Notei então a sombra do Sol proveniente de um cajado suportado em pé por um homem da tribo. A sombra era muito longa. Sabíamos assim, pela sombra, que horas eram. O cajado ou bengala, era encimado por uma cabeça de avestruz. Mas isso foi há cerca de 50.000 anos atrás, quando, dizem os da lenda, o mar vermelho se abriu. Prestei atenção ao velho de barbas muito brancas sobre aquele peito ainda forte escuro como breu e peludo.
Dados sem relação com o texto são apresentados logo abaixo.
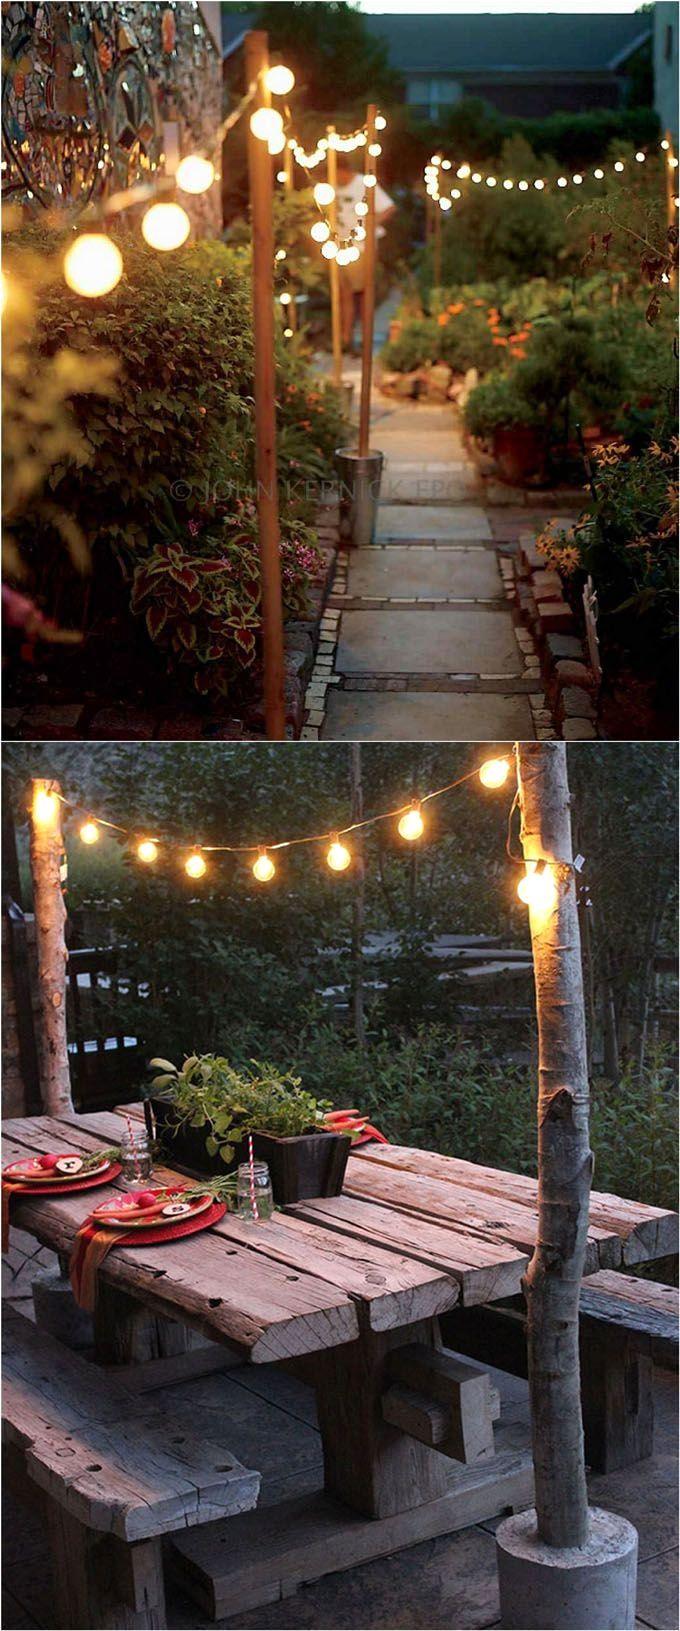 11 best outdoor space images on Pinterest   Decks, Garden ...

O velho achou que a seca estava no auge, e assim de repente, levantou o cajado e o manteve na horizontal, braços abertos. Tínhamos que atravessar para o outro lado e não esperaríamos pelos alvores. Foi assim que o Mar Vermelho se "abriu" para dar passagem aos povoadores Sapiens do mundo. Quando despontei do outro lado, cercado de tanta água vi-me a bordo de uma nau de madeira, em meio a uma tempestade. No comodo havia um relógio cuco que eu cavalgava. O cuco não falava. Em meio a chiado do cordame e das madeiras rangendo, respingos do mar por todos os lados, relâmpagos e trovões, um vulto se levantou de uma cadeira e me disse enquanto saía:

- Nem devem ter sido 20 que atravessaram. Uns dez eram suficientes para garantir toda uma humanidade de sete bilhões e meio de seres humanos.





E tudo se desfez numa espuma branco azulada, deixando no ar uma leve brisa com cheiro de peixe e iodo. Era esse o sabor dela quando era mais jovem, e não deixou perceber que tinha outras companhias. Depois se transformou num cuco estragado repetindo motes e modos. Perdeu o cheiro e o sabor. Não era marinheira de primeira viagem! O grumete era eu, querendo decifrar o tempo e quanto custava.